[Opening DATASET EXTRACT section]

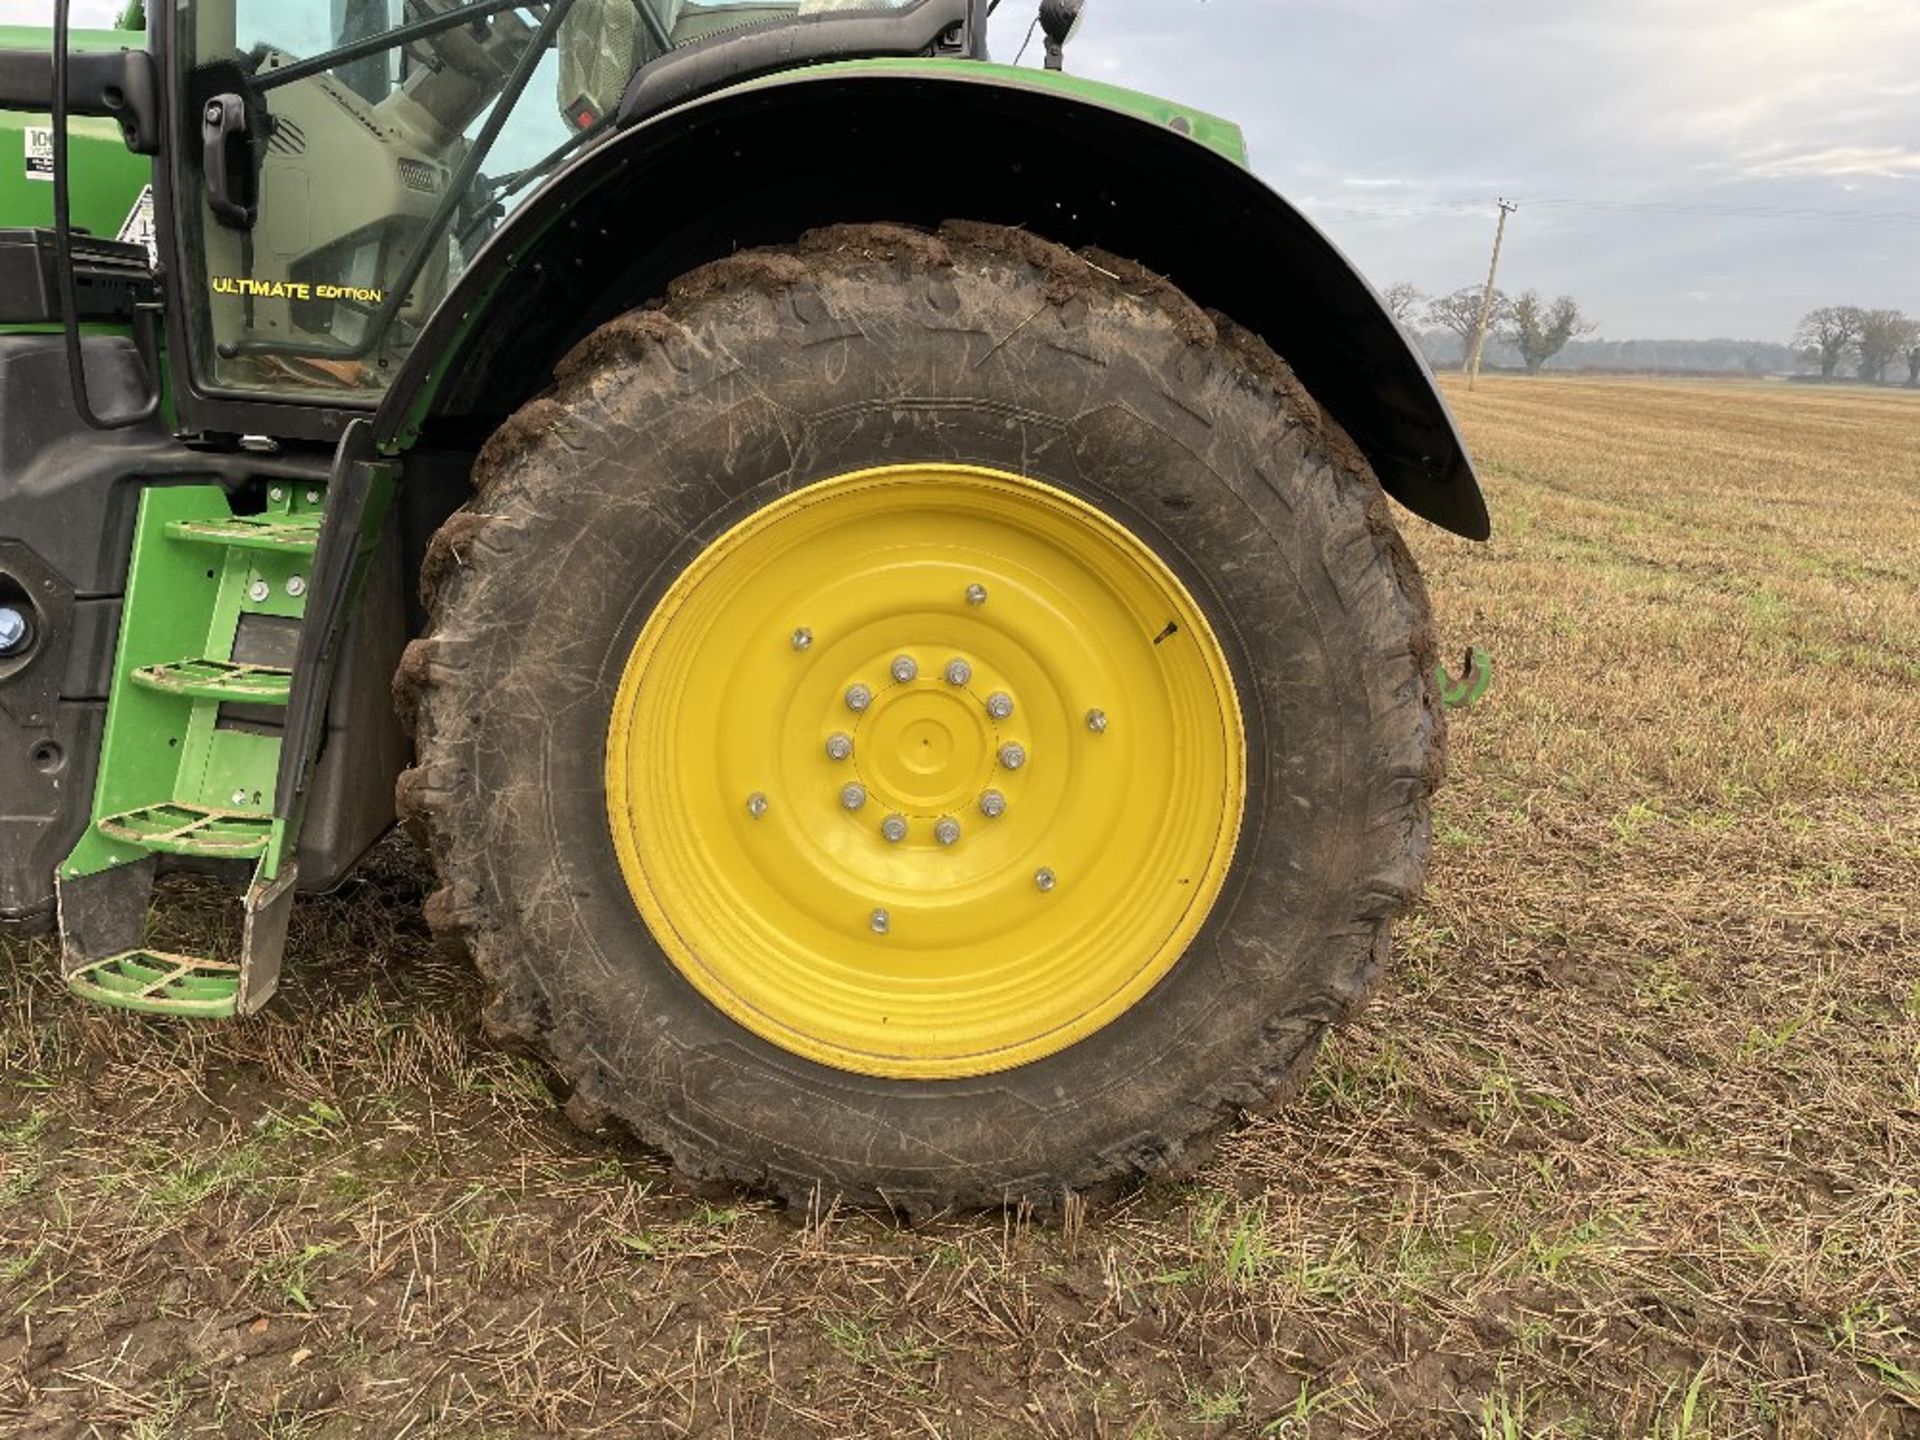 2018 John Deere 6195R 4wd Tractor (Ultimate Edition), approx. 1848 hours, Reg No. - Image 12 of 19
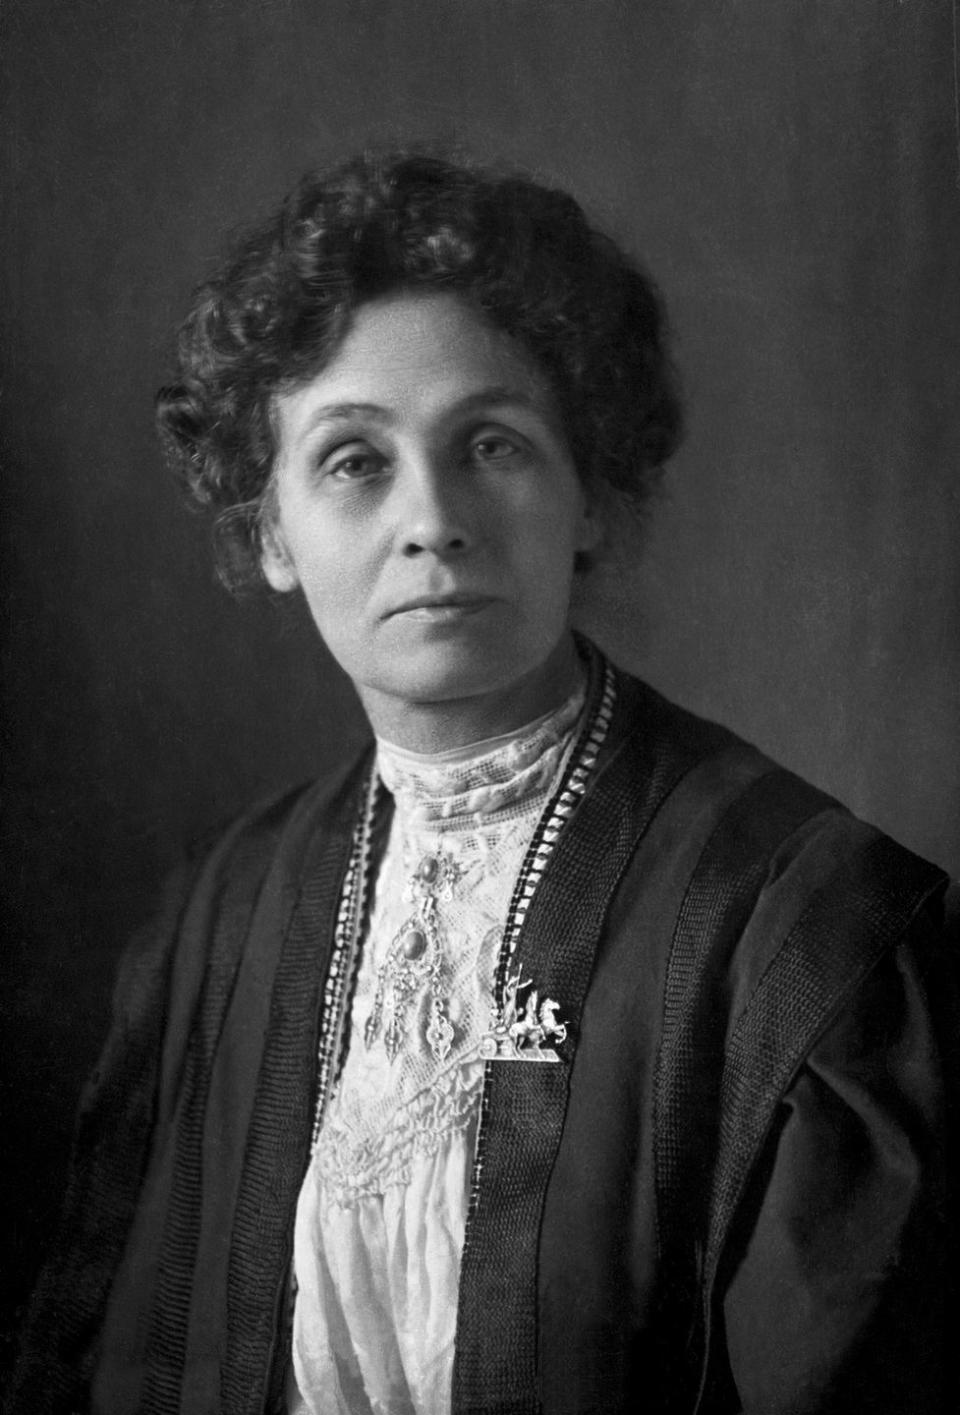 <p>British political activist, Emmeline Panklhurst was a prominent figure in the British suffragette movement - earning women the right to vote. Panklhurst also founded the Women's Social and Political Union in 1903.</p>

[Closing DATASET EXTRACT section]
[Opening DATASET EXTRACT section]

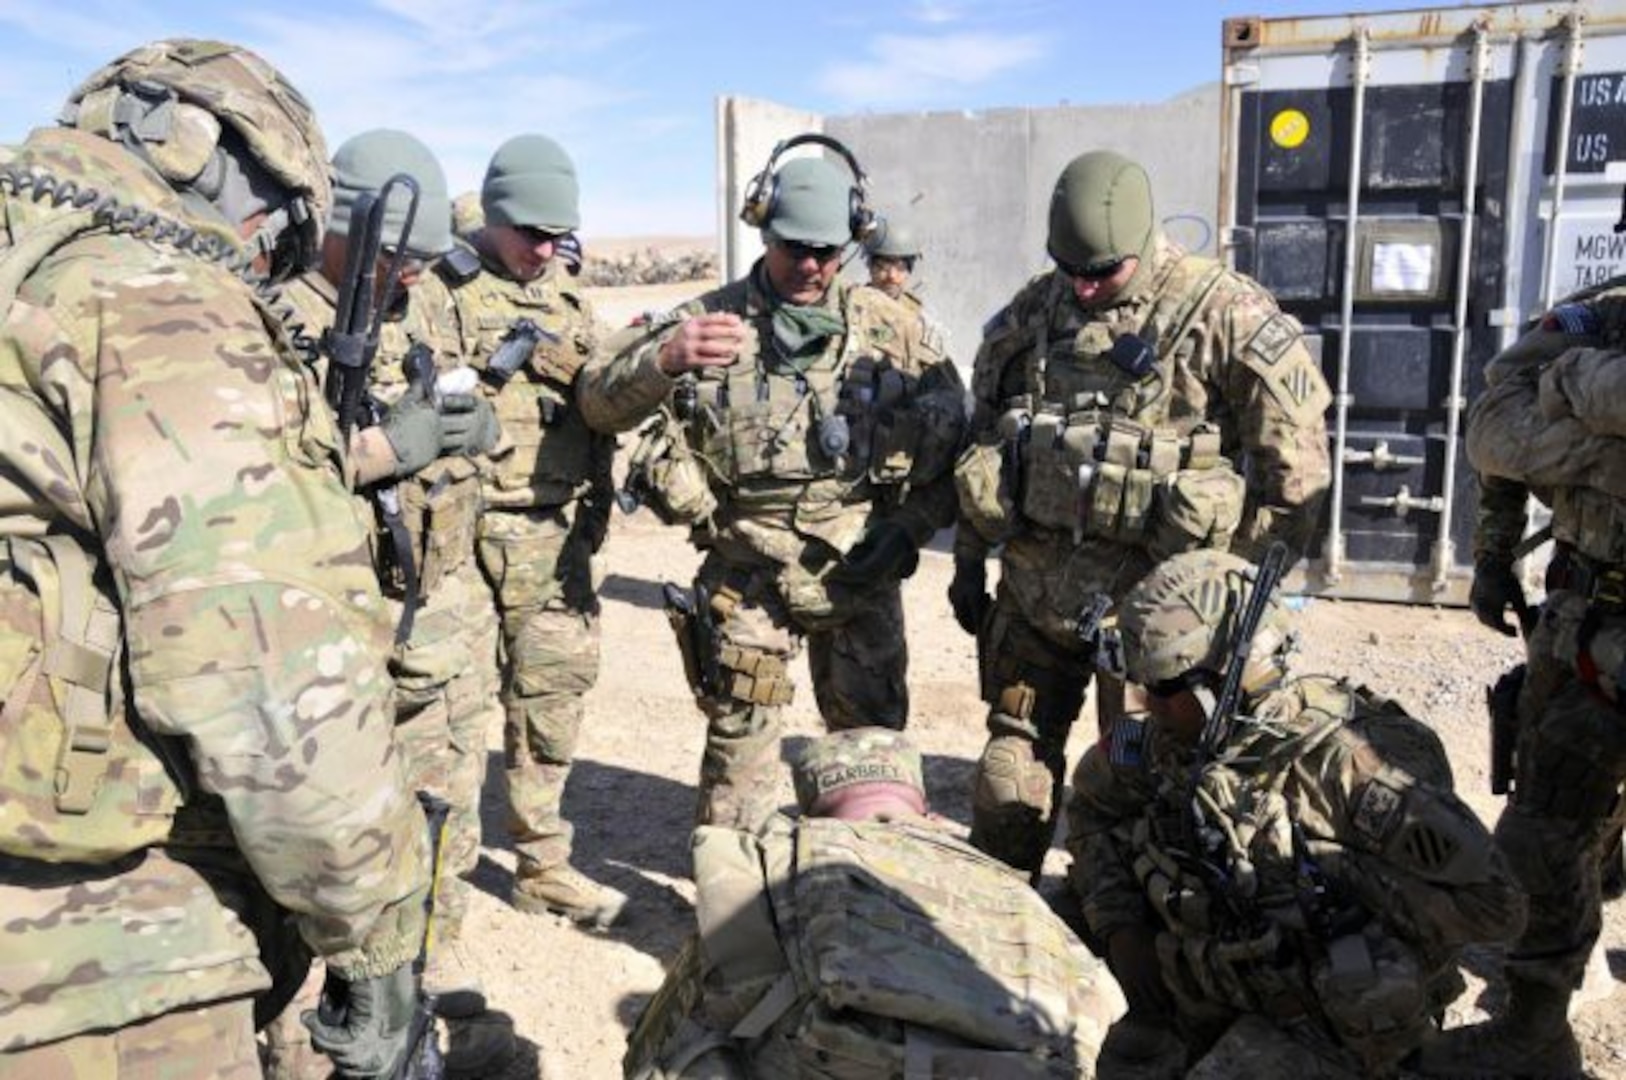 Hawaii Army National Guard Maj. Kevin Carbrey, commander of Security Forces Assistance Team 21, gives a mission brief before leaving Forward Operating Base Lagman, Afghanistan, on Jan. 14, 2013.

[Closing DATASET EXTRACT section]
[Opening DATASET EXTRACT section]

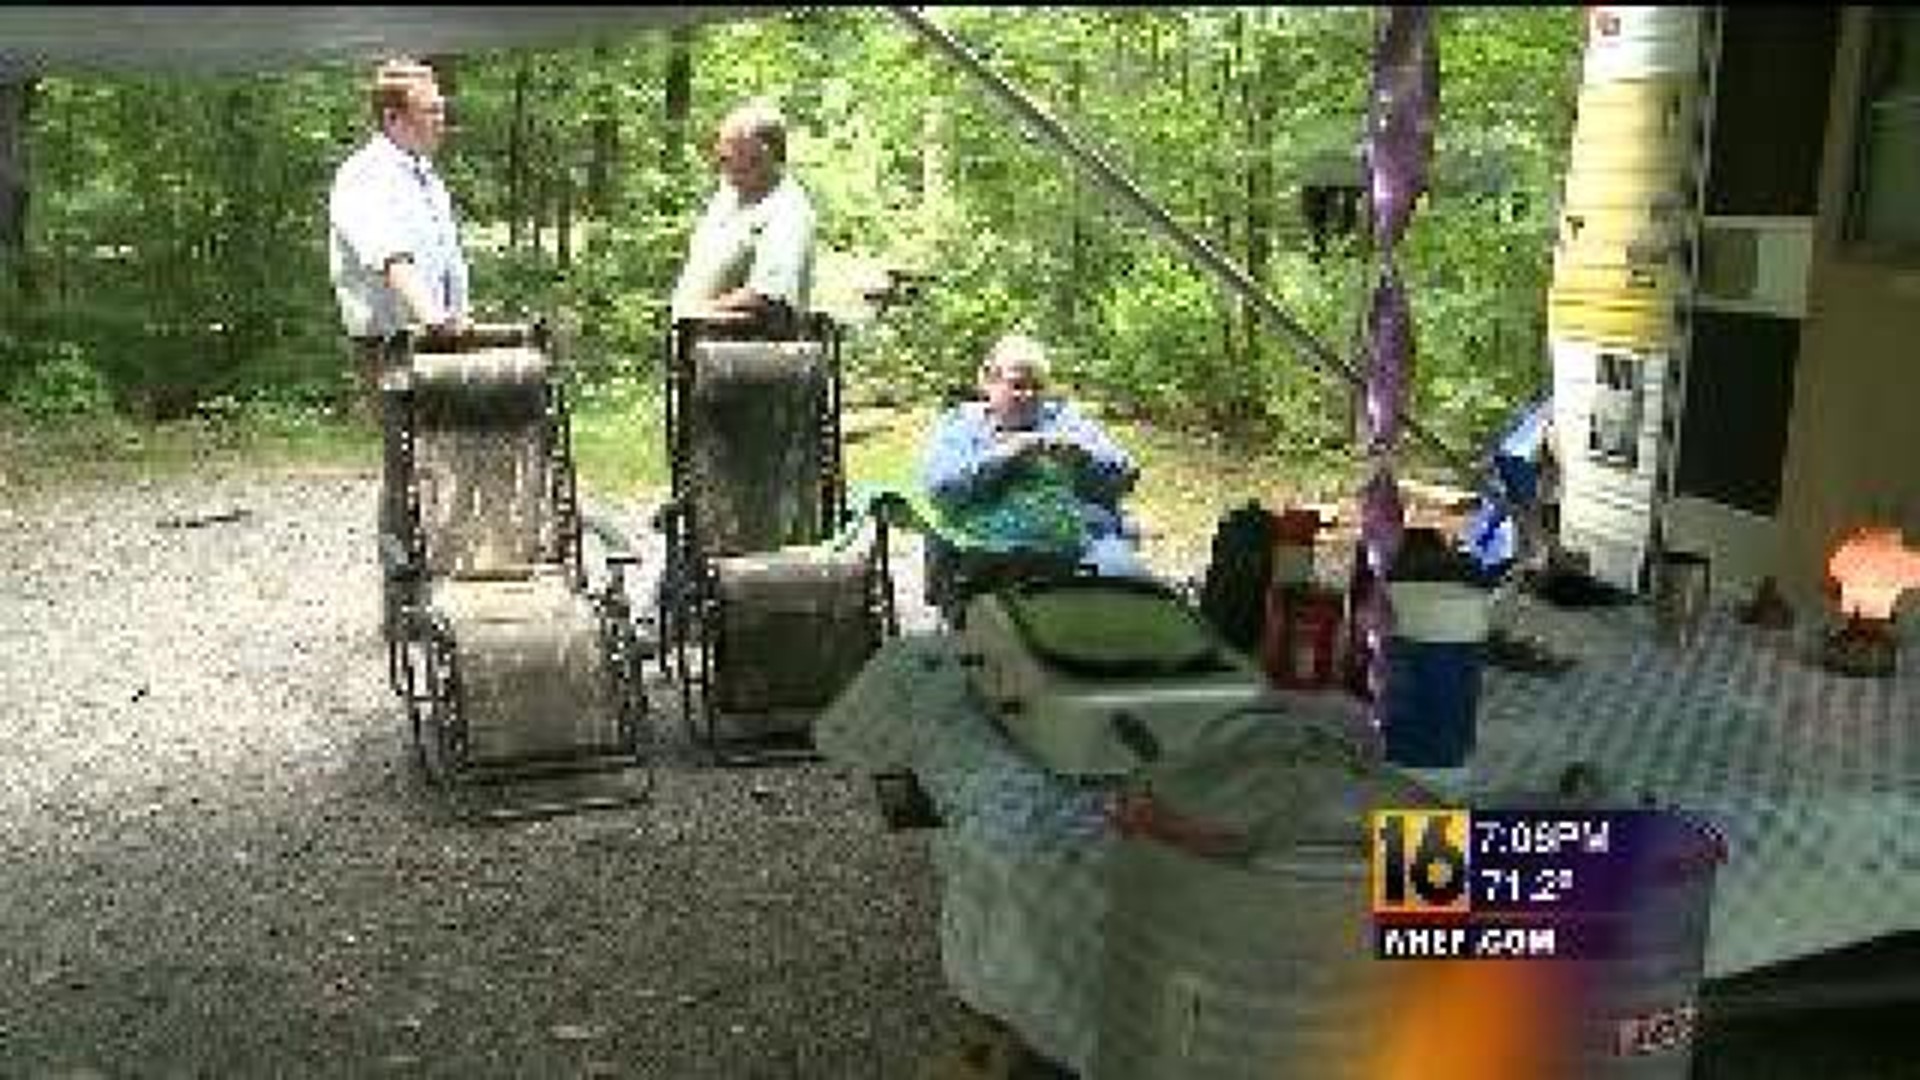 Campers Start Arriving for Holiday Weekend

[Closing DATASET EXTRACT section]

> [ABOUT THIS EXERCISE]: Could you repeat, exactly, only the lines above starting at the one that has "2018 John Deere" and stopping after the one that has "<p>British political activist, Emmeline", without the pictures?

> [FINISHED EXERCISE]:
 2018 John Deere 6195R 4wd Tractor (Ultimate Edition), approx. 1848 hours, Reg No. - Image 12 of 19
 <p>British political activist, Emmeline Panklhurst was a prominent figure in the British suffragette movement - earning women the right to vote. Panklhurst also founded the Women's Social and Political Union in 1903.</p>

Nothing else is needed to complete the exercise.